Preparation of the program for the new 2021-2027 programming period is in progress, and we will program the entire period ahead of us by June.
Rapid absorption of EU funds for the period until 2020, where we are currently at 114 percent of contracting, which means that 93 billion kuna worth of projects have been contracted, and projects worth almost 40 billion kuna have been carried out. We plan to continue at that pace.
In addition to EU funds, the Ministry also has an important role to ensure balanced regional development, therefore we will sign new Development Agreements for Northern Croatia, Adriatic Croatia and Central Croatia, in addition to adopting programs for hilly and mountainous areas, islands and assisted areas, and we will pay additional attention to faster and more even development of Croatia.
What does the Ministry insist on when allocating funds and at what pace do you expect the realization of numerous projects?
When allocating EU funds, we are guided by a balanced regional development.
Instead of two, we formed four regions according to the degree of their development. One of them is the Pannonian Croatia, which includes eight less developed counties. In addition to the five Slavonian counties, there are also Bjelovar-Bilogora, Sisak-Moslavina and Karlovac counties. In terms of development, they are below 45 percent of the EU average and in the next programming period they will be able to provide higher grants to entrepreneurs, up to 50 or 70 percent instead of the current 35 or 45 percent. That is a significant difference. Investments of entrepreneurs from less developed areas will be co-financed with higher aid intensity. For the balanced development of all parts of Croatia, the change of NUTS2 regions is of great importance.

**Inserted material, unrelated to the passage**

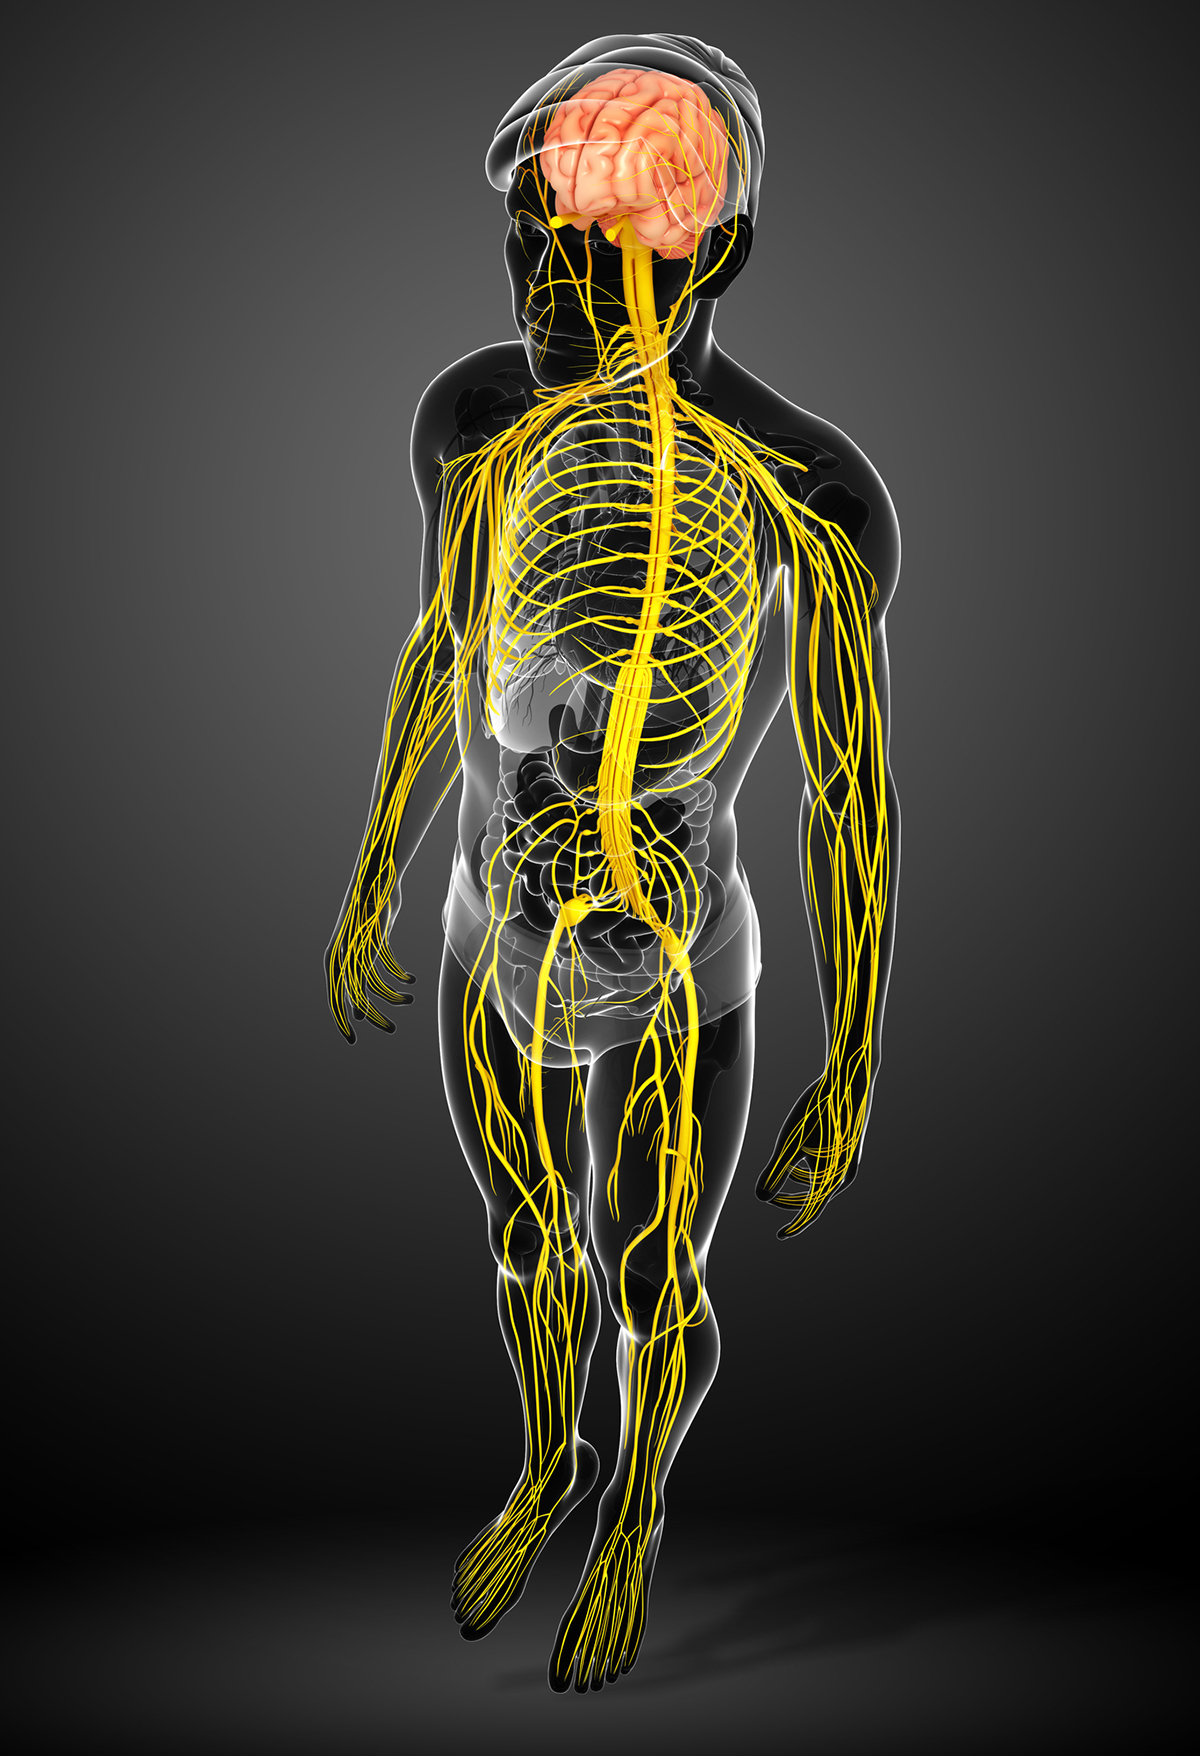 Peripheral nerve system

At the end of 2020, we simplified and improved the procedure of the Common National Rules. Many entrepreneurs contact us and we see how this simplification of procedures resonated positively among them.
I would like the procedures to be further simplified, which will facilitate application to various public calls which we will announce soon. When it comes to procedures, it is important that our citizens and users of EU funds know how the Ministry has adopted a new map of regional aid.
I believe in our entrepreneurs, craftsmen, ministries and all institutions and I am sure that by the end of 2023 we will realize everything we have agreed.
I believe that all the beneficiaries of projects recognize the Ministry of Regional Development and EU Funds as their partner, and in these seven months that I have been at the head of the Ministry, I saw a positive reaction. We are rapidly withdrawing funds and we have positioned Croatia high on the European Union scale, even though we are the youngest member state and are just consuming the first envelope, we are ahead in contracting and I believe that we will continue at this new pace in the next financial period. For the new period, we have more projects than the funds available to us, and therefore I can say that Croatia is ambitious, open, proactive and successful when it comes to European Union funds.
Is there a possibility that the approved funds will not be used? Are there any sanctions for that and what are they?
If the projects are not implemented, the funds cannot be withdrawn from European Union funds, but for this reason we have contracted the available funds, we monitor the implementation process and speed up the procedures in order to be able to use the funds one hundred percent.
According to all current indicators, Croatia can do it!